» **SOURCE DATA**
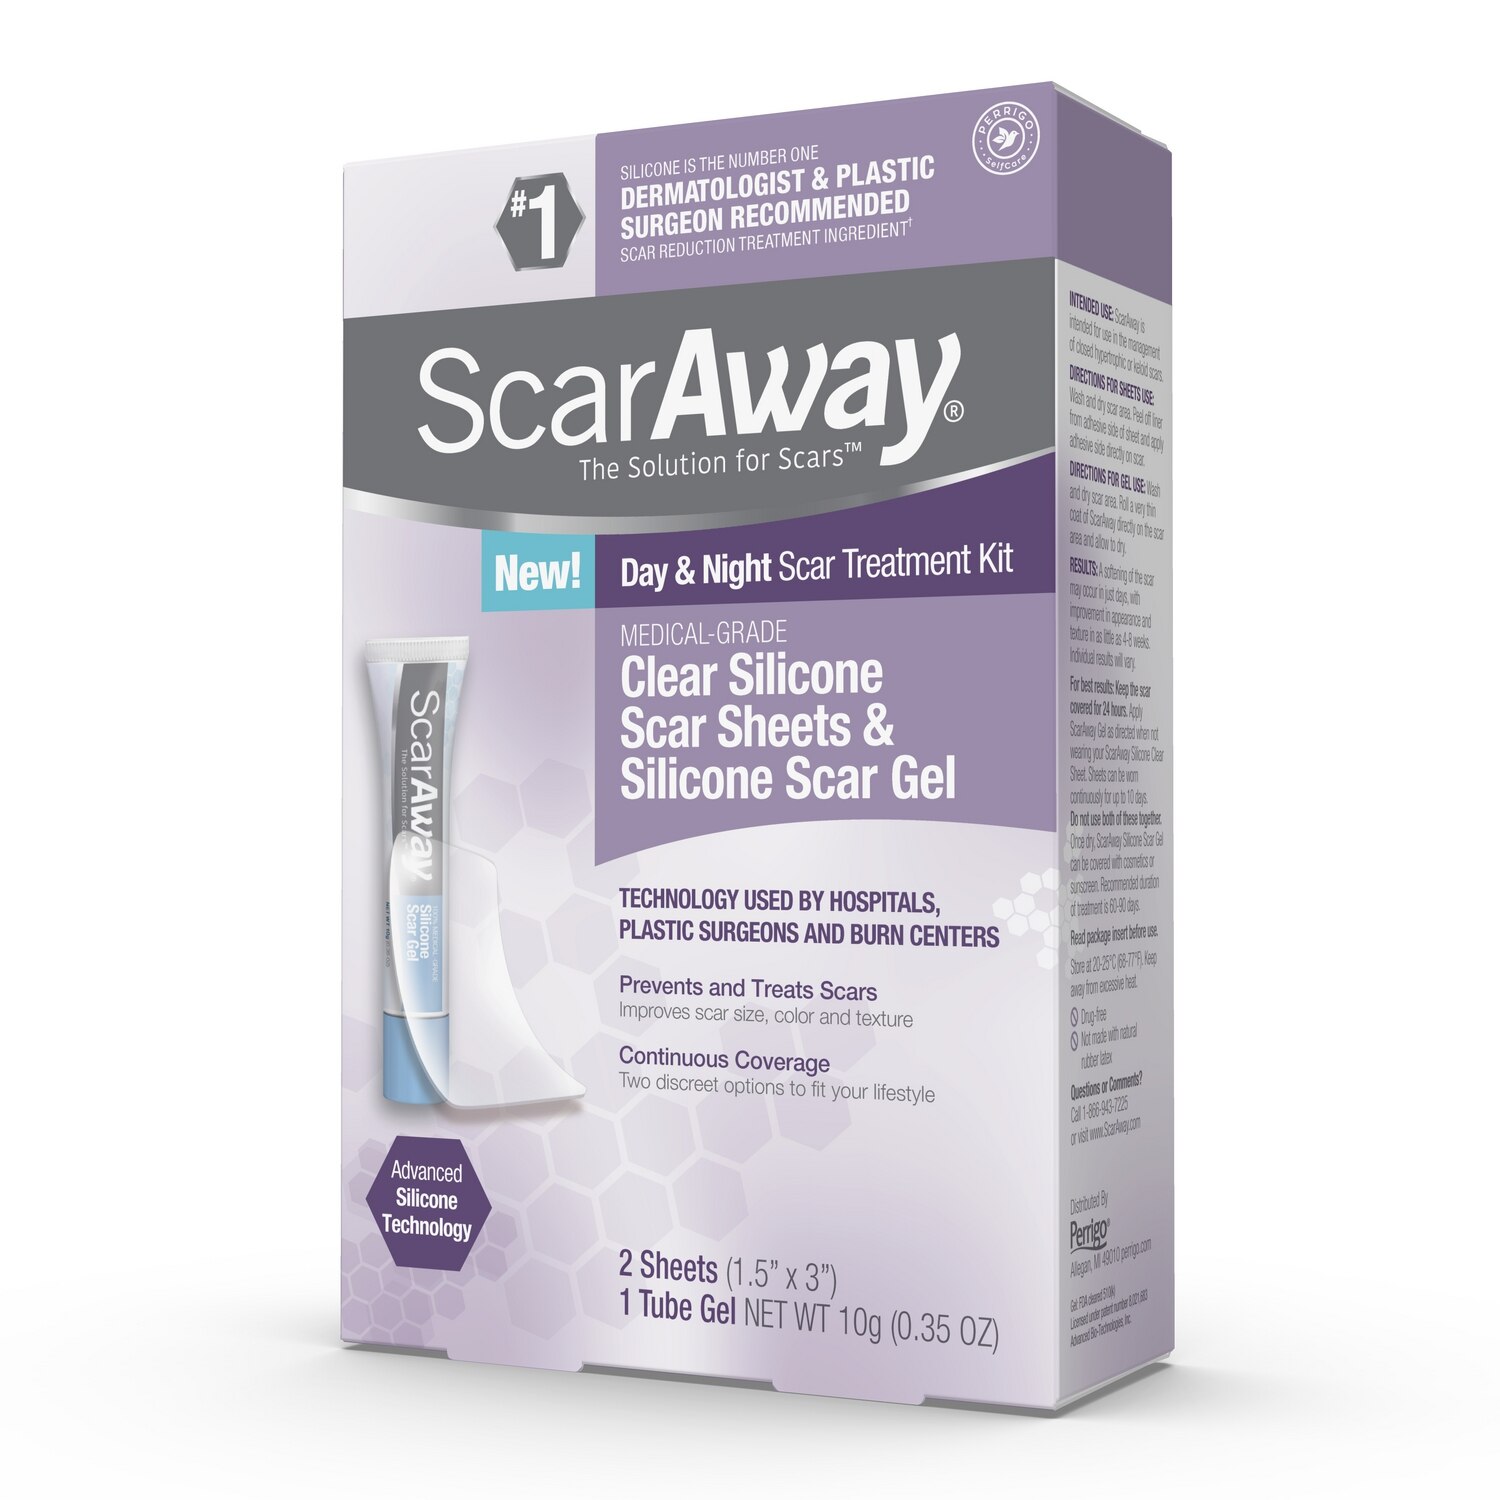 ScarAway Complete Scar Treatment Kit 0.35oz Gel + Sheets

==

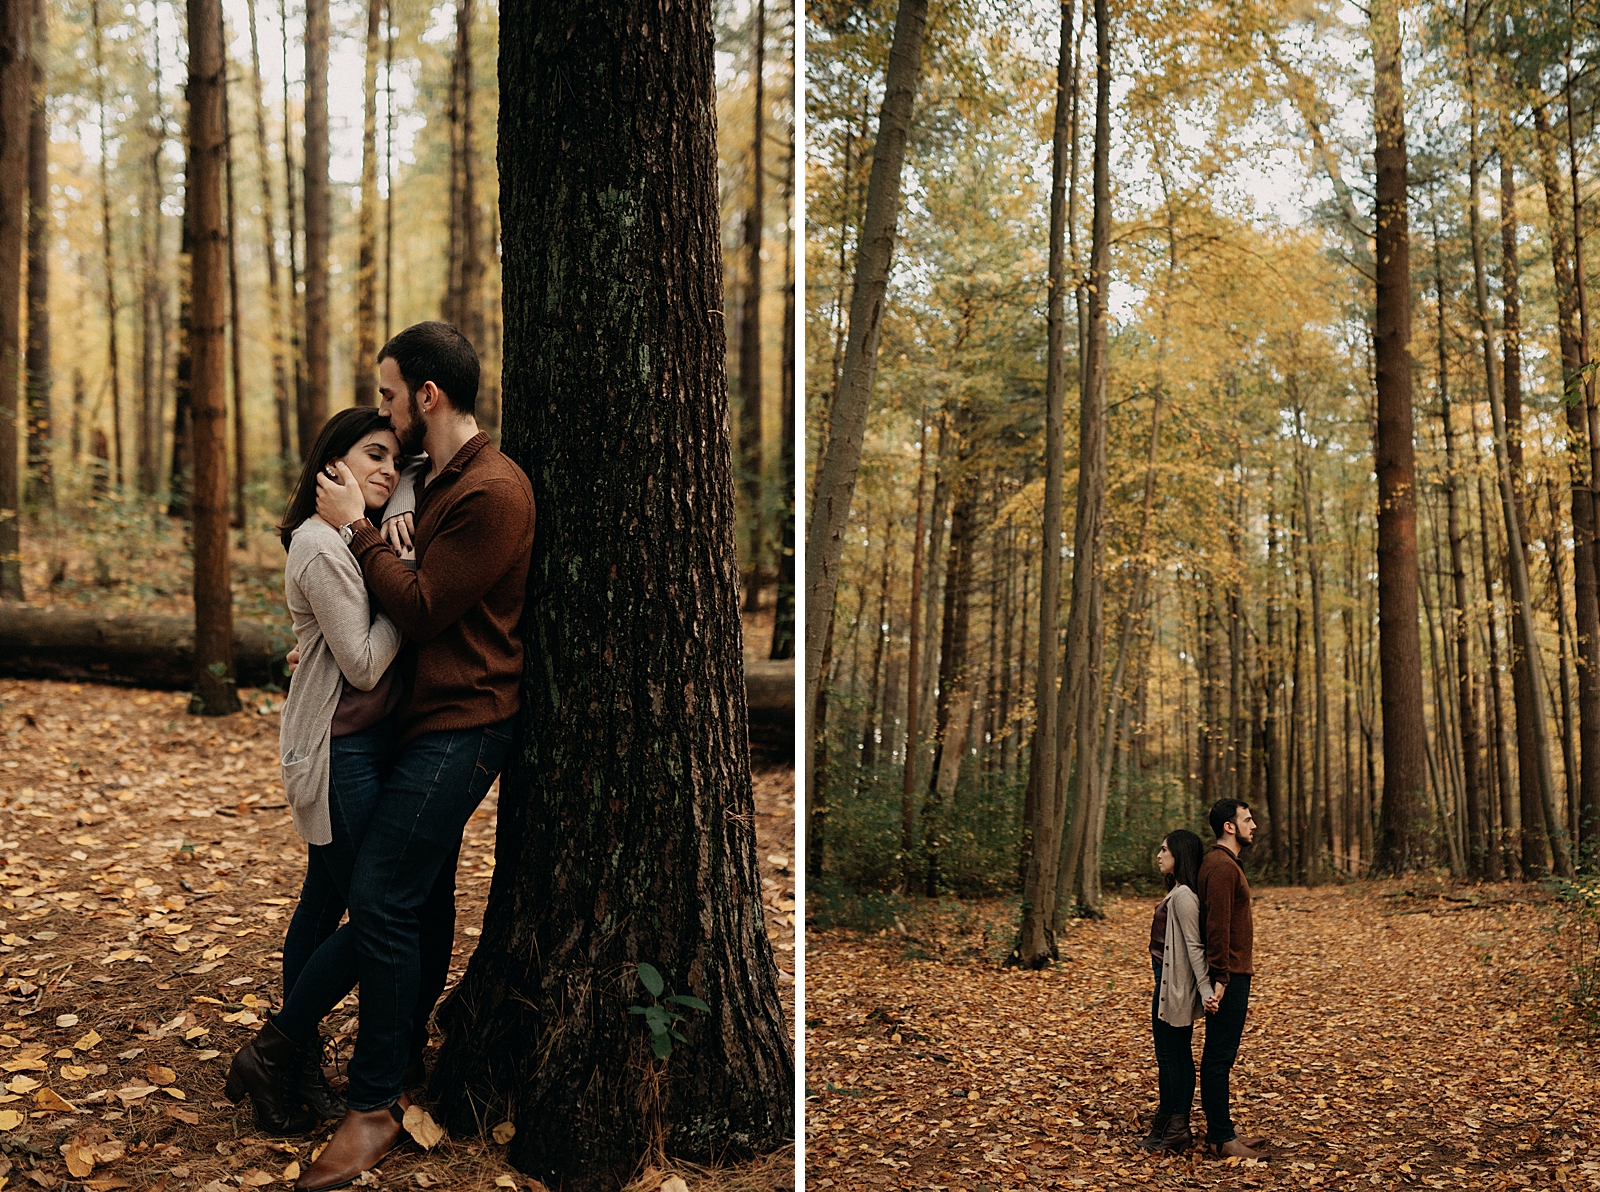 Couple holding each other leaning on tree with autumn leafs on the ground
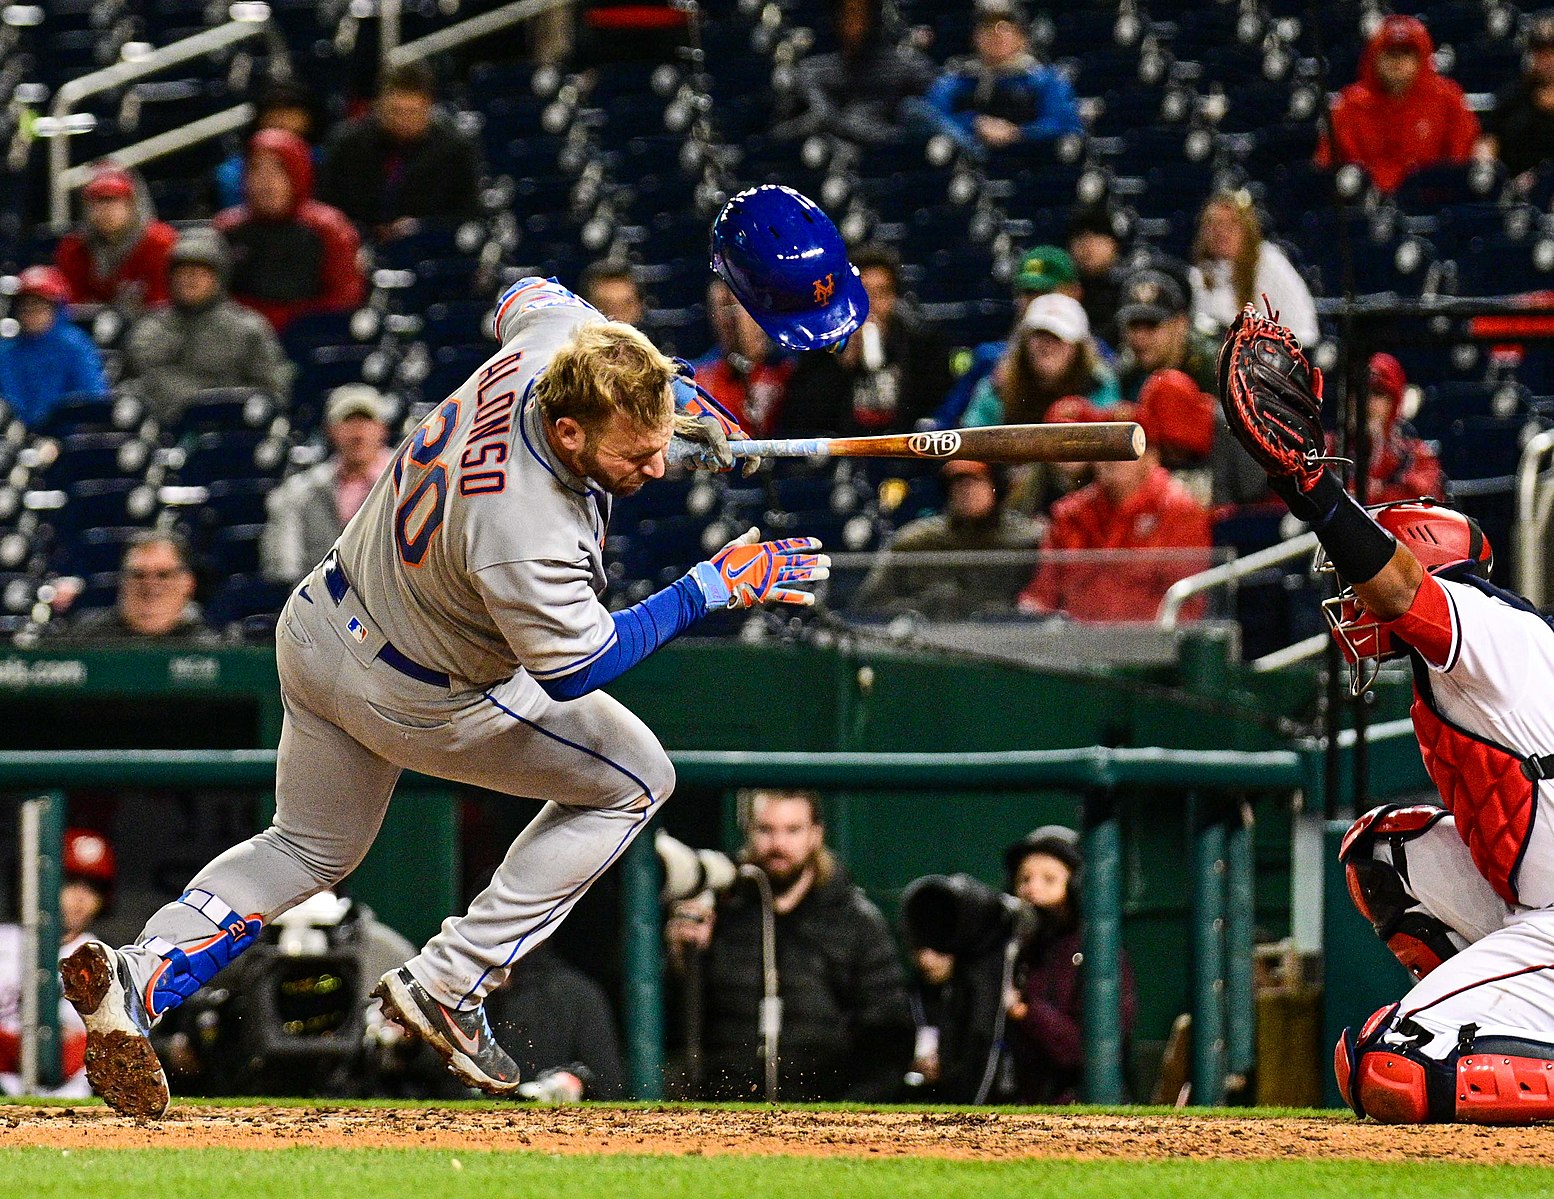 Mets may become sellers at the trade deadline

--

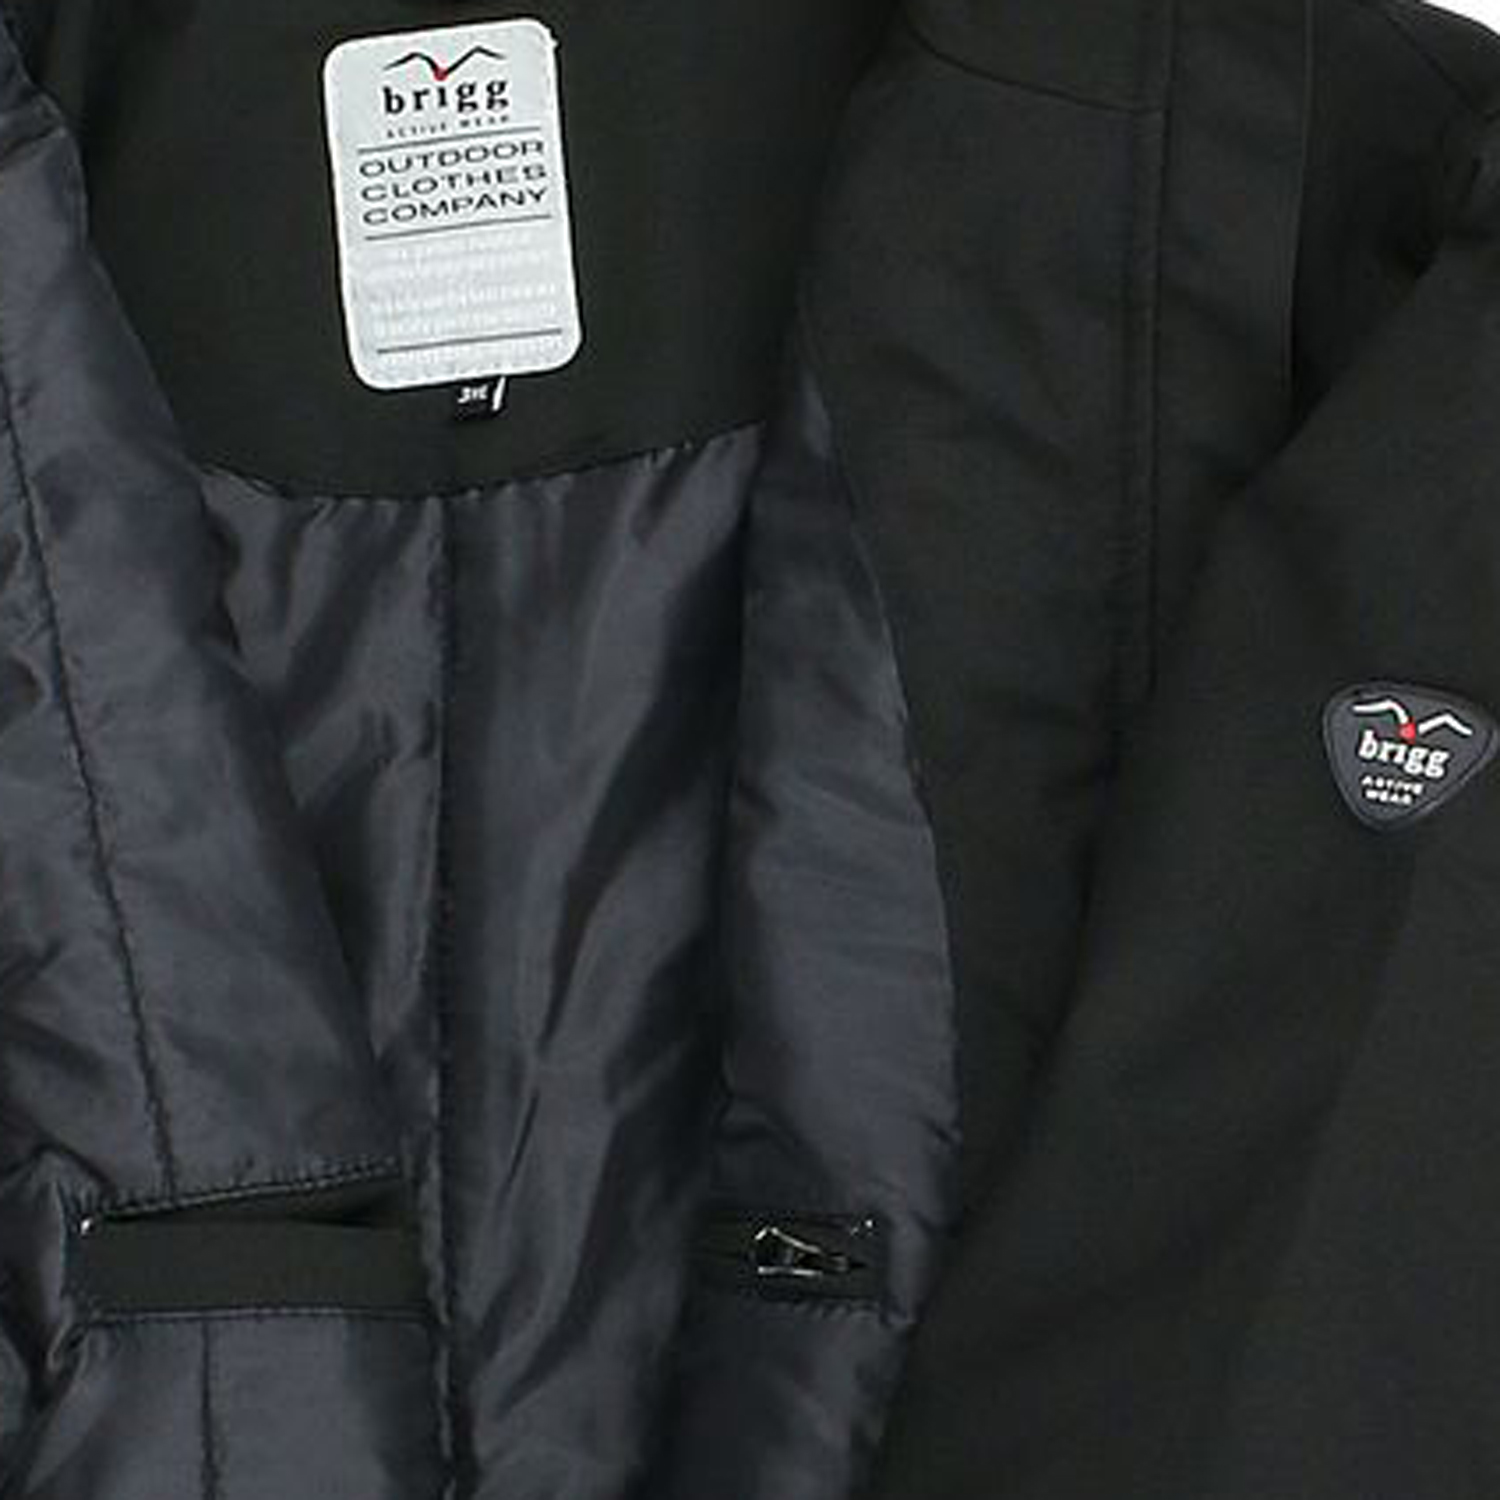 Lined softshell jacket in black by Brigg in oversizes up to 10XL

» **INSTRUCTIONS FOR THE TASK**
Could the stretch from the line with "Couple holding each" through the line with "Mets may become" in the listing above be restated word for word, minus the pictures?

» **RESPONSE FOR THIS EXERCISE**
 Couple holding each other leaning on tree with autumn leafs on the ground
 Mets may become sellers at the trade deadline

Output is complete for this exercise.